As for Syria, The New York Times report said, “While such a step in Syria would be small, it appeared to reflect a desire by American and Russian officials to move past their tense flare-ups over the Syria conflict and facilitate a way to end the six-year civil war there. Moscow has been backing the government of President Bashar al-Assad of Syria while the United States has sought to aid opposition groups fighting to oust him. ‘I think this is our first indication of the U.S. and Russia being able to work together in Syria,’ Tillerson said.”

This cease-fire, like others before it, may well fade after a couple of days, because no one at this table controls the players. And it is silent, as always, as to help for millions of refugees.

Meanwhile the rest of the G-20 meetings went on tepidly, and, again, one wonders what all the fuss has been when the results are a generalized agreement that terrorism is a globally shared target, and widespread agreement that there is disagreement among the world powers about pursuing and achieving the outcome of climate change.

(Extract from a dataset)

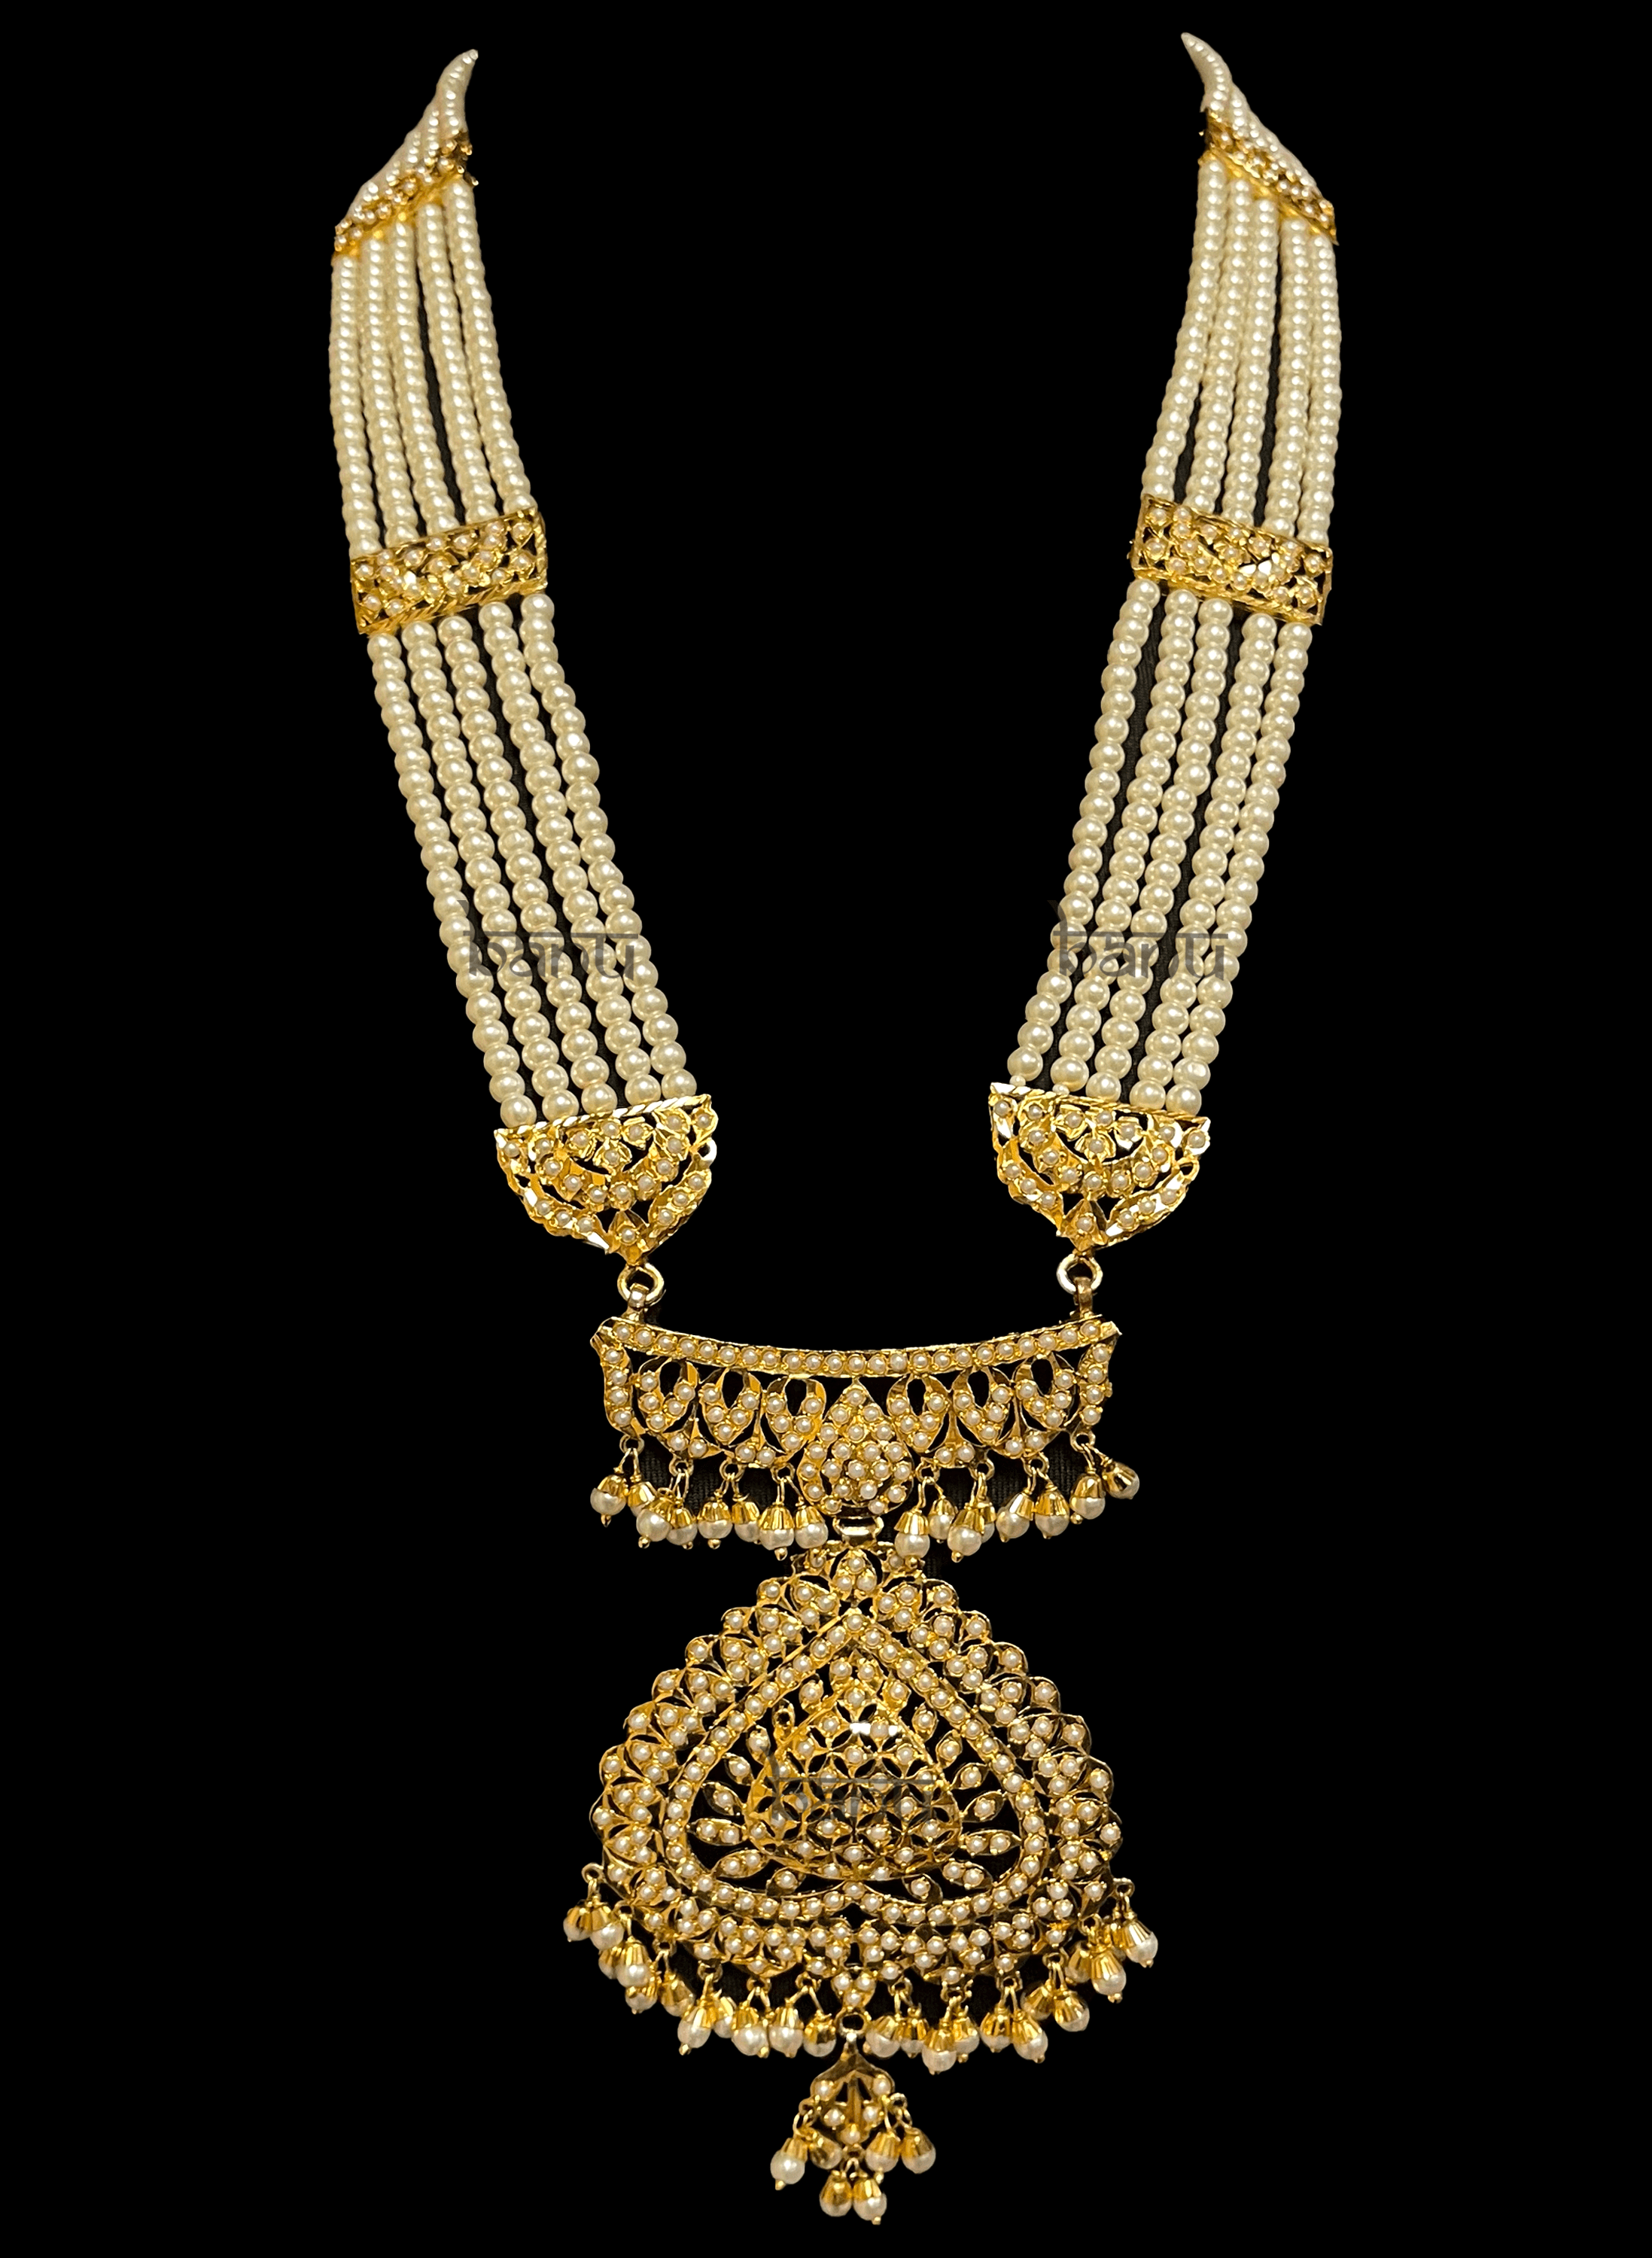  Long Jadau pearl necklace & pendant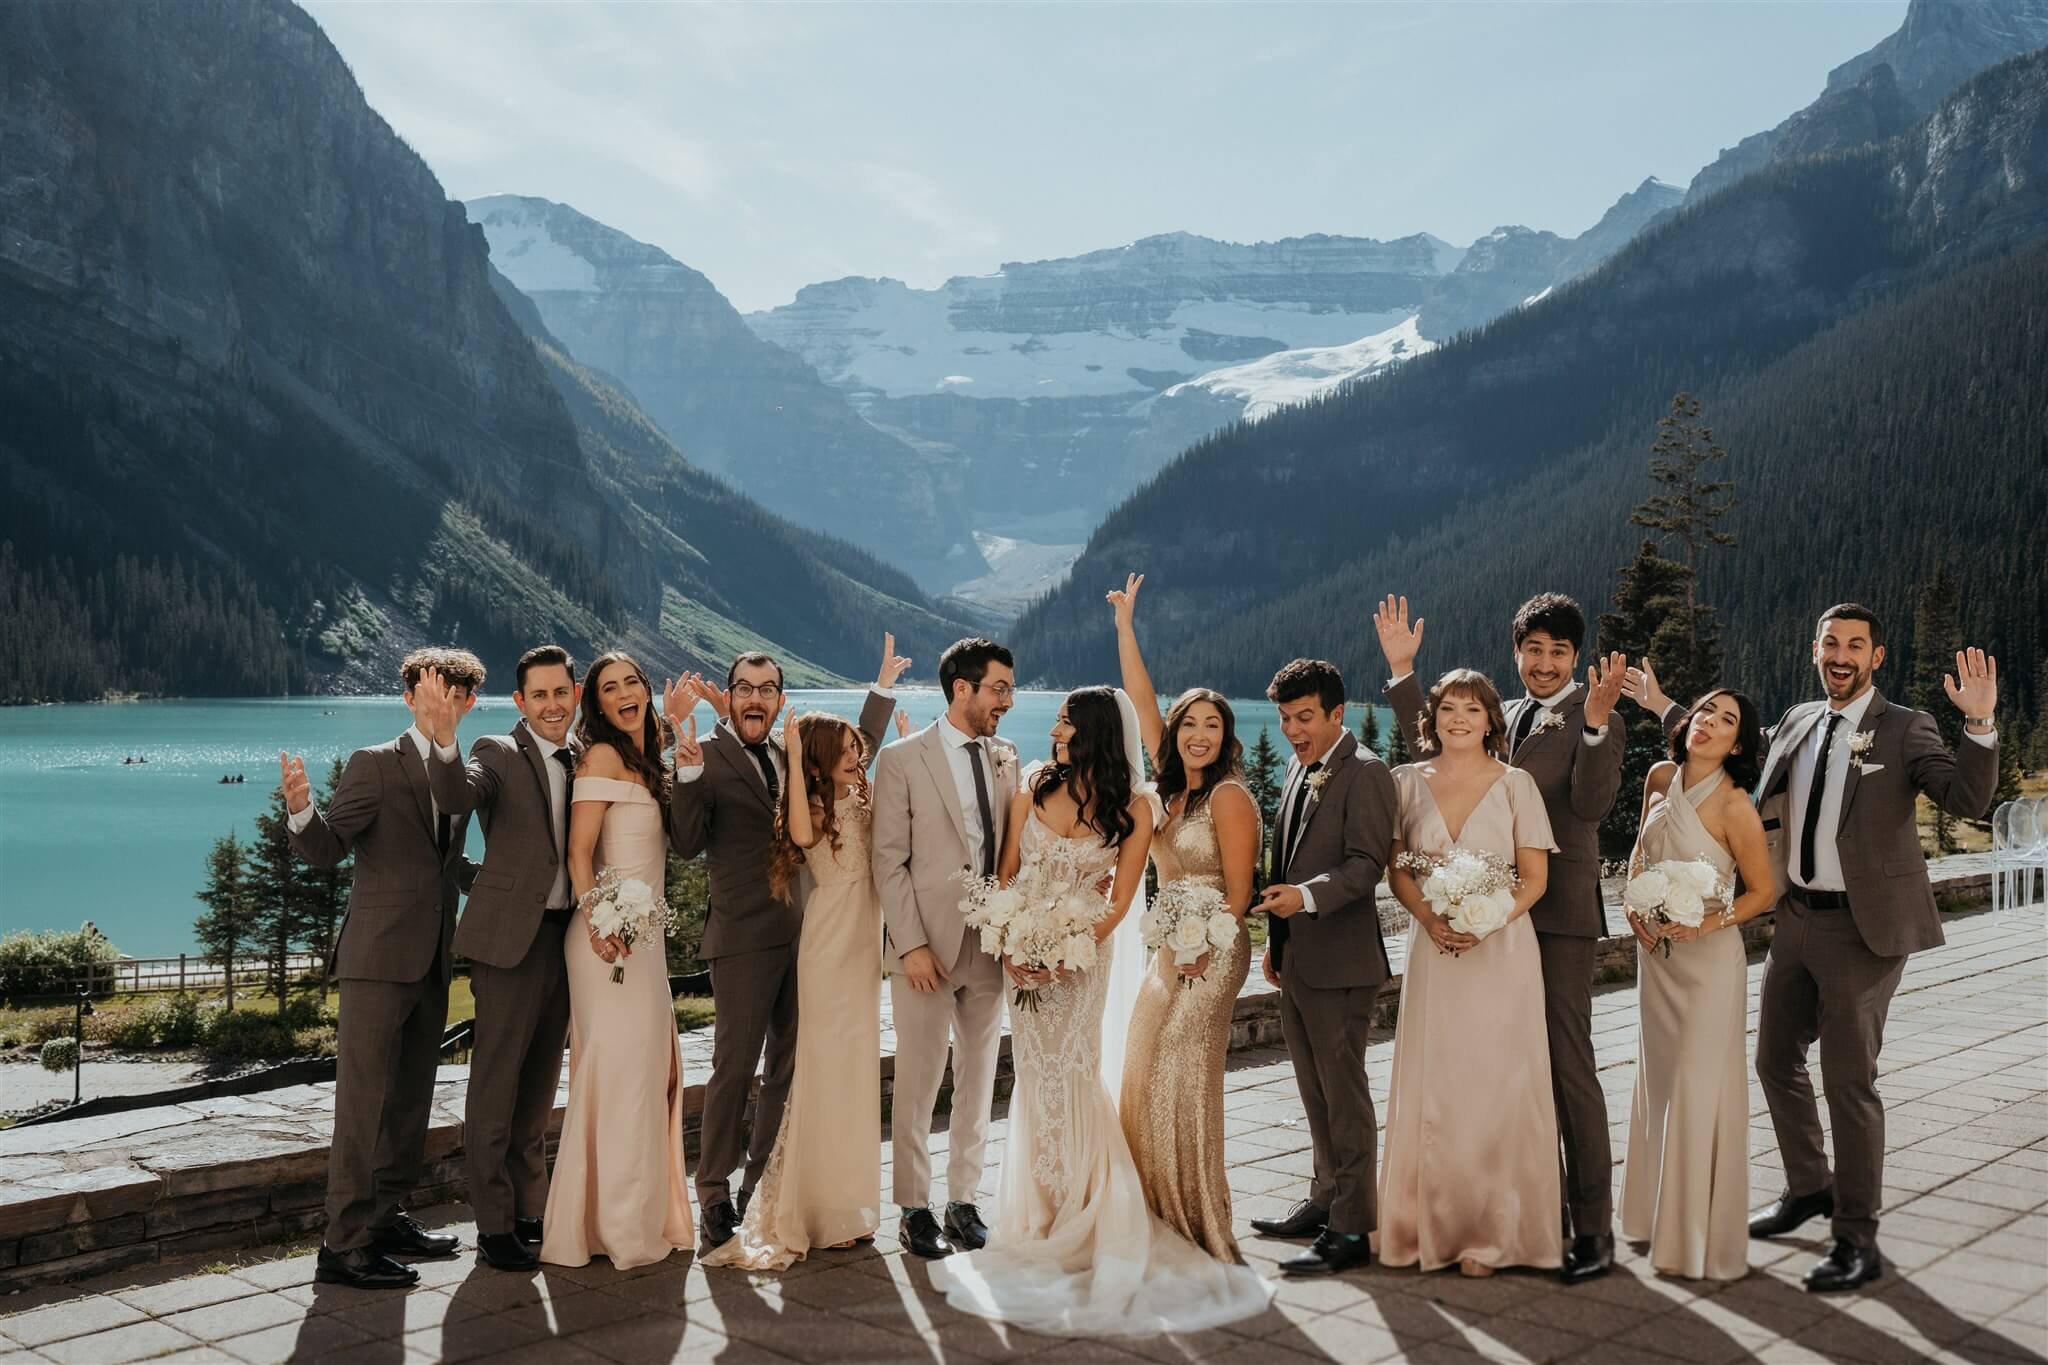 Wedding party cheer at Lake Louise wedding in Alberta Canada

Those are the givens that had brought the leaders together.

Meanwhile, clamoring for attention for their generalized objections to world powers dictating anything, tens of thousands were in the streets of Hamburg again with a substantial number of violent clashes with police.

So, the world will go through another G-20 day today that will look much as yesterday, one with photo ops and bigger promises for greatness and cooperation and yet more intense street protests.

The much-hyped day has come and gone, and we’re still looking at a long list of issues that have not seemed, publicly at least, to have moved. Most of the issues I would like G-20 leaders to address, including shared hopes of prosperity, keeping the earth safe, addressing a widening income inequality and the ravages of poverty and refugees, seem not to make the top of the list — again.